2. Shares withheld upon the settlement of performance share units to satisfy tax withholding obligations.
Remarks:
/s/ Katherine M. Serevitch, Attorney-in-Fact 02/27/2026
** Signature of Reporting Person Date
Reminder: Report on a separate line for each class of securities beneficially owned directly or indirectly.
* If the form is filed by more than one reporting person, see Instruction 4 (b)(v).
** Intentional misstatements or omissions of facts constitute Federal Criminal Violations See 18 U.S.C. 1001 and 15 U.S.C. 78ff(a).
Note: File three copies of this Form, one of which must be manually signed. If space is insufficient, see Instruction 6 for procedure.
Persons who respond to the collection of information contained in this form are not required to respond unless the form displays a currently valid OMB Number.

FAQ

What insider transactions did Owens Corning (OC) report for Jose Manuel Canovas De La Nuez?

Owens Corning reported that Jose Manuel Canovas De La Nuez received a stock grant of 1,809 common shares and had 836 shares withheld to cover taxes. Both transactions involved $.01 par value common stock and occurred on February 25, 2026.

Was the Owens Corning (OC) insider transaction a stock purchase or compensation award?

The activity was a compensation-related award, not an open-market purchase. 1,809 shares were granted in connection with settling performance share units for a cycle ending December 31, 2025, reflecting equity-based compensation for the Owens Corning executive.

Why were 836 Owens Corning (OC) shares disposed of in this Form 4 filing?

The 836 Owens Corning shares were withheld to satisfy tax withholding obligations on the settlement of performance share units. This tax-withholding disposition, coded “F,” represents shares delivered to cover taxes rather than an open-market sale by the executive.

How many Owens Corning (OC) shares does the executive own after these transactions?

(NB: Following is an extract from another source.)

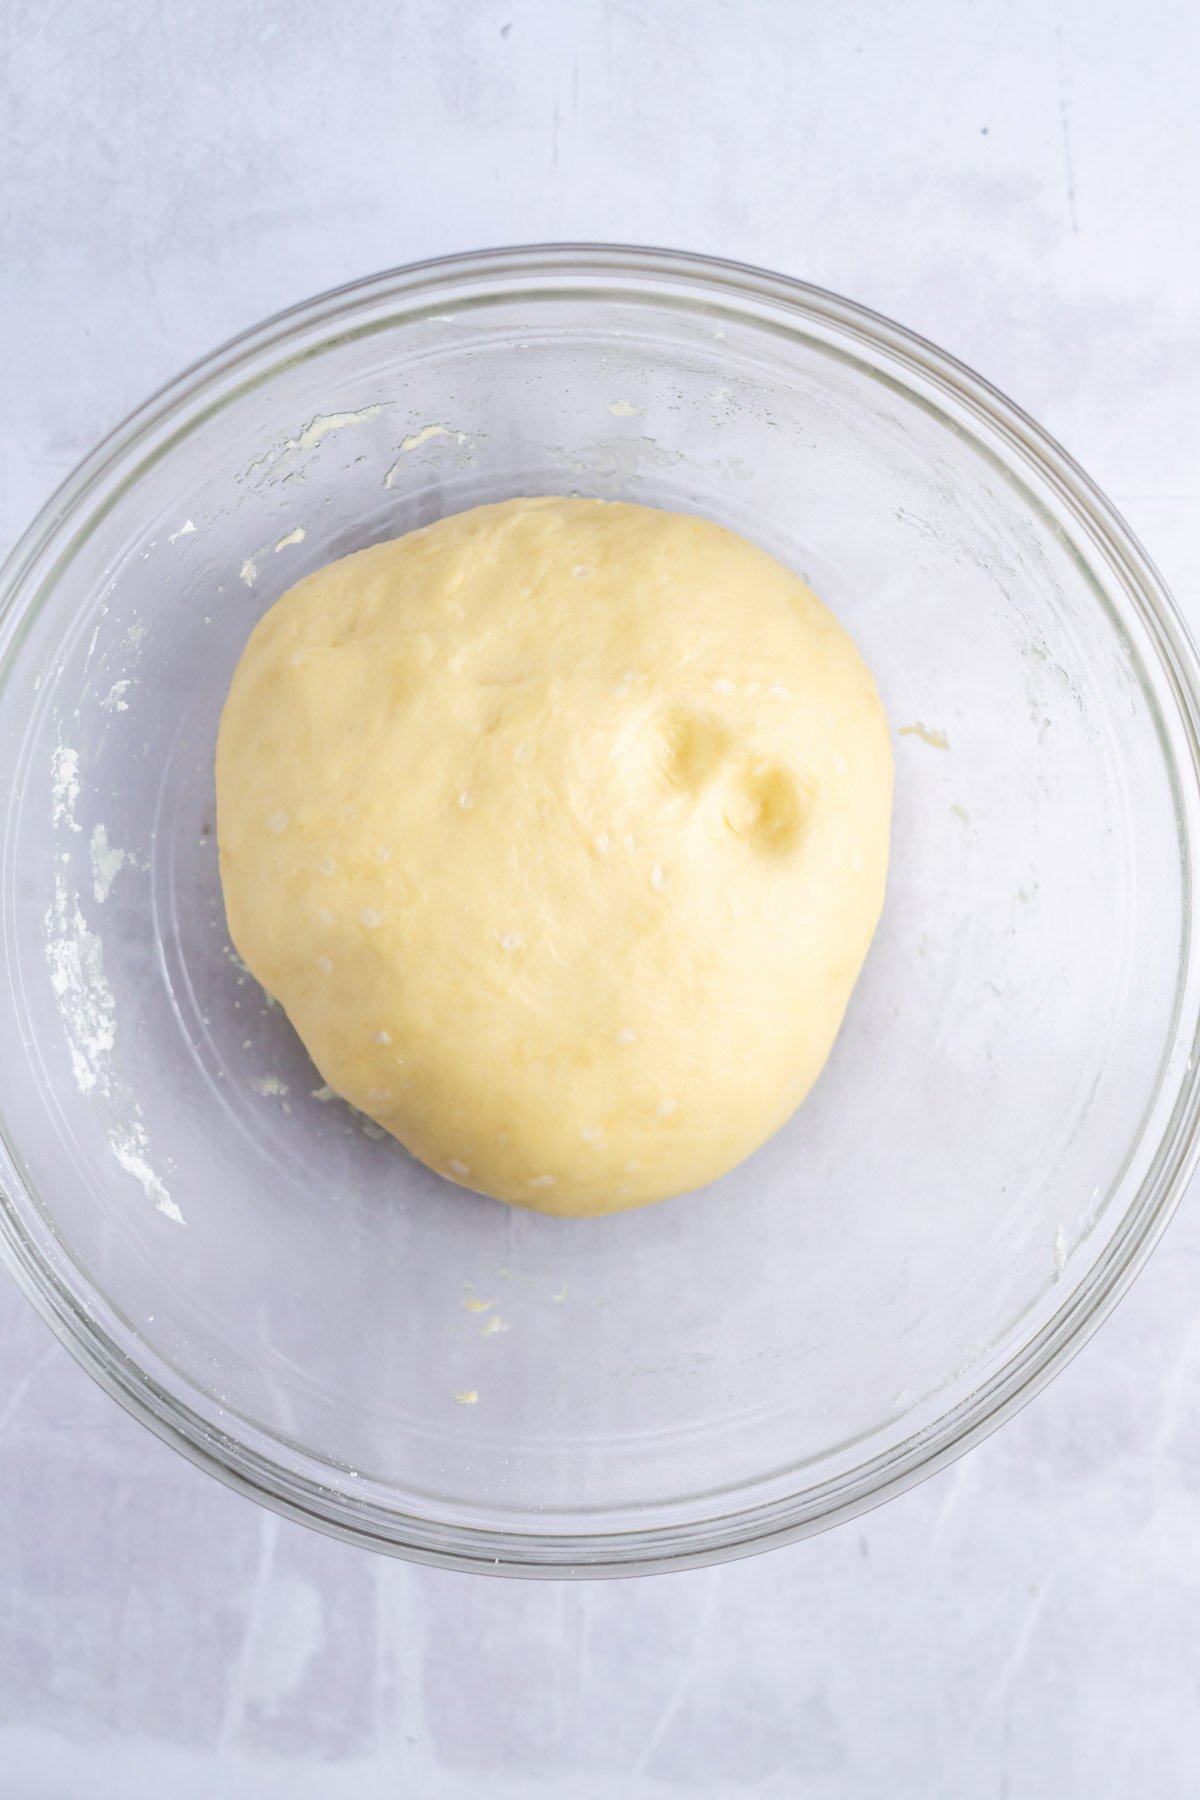 small batch cinnamon roll dough after the first rise, showing the dough holding a finger imprint

After the reported grant and tax-withholding disposition, Jose Manuel Canovas De La Nuez directly owns 16,635 Owens Corning common shares. This figure reflects his updated direct ownership following the February 25, 2026 equity award and related share withholding.

What does the performance share unit settlement mean for Owens Corning (OC) stock granted here?

The filing shows 1,809 Owens Corning shares were awarded upon settlement of performance share units for a performance cycle ending December 31, 2025. This converts prior performance-based units into actual common shares credited to the executive’s direct ownership.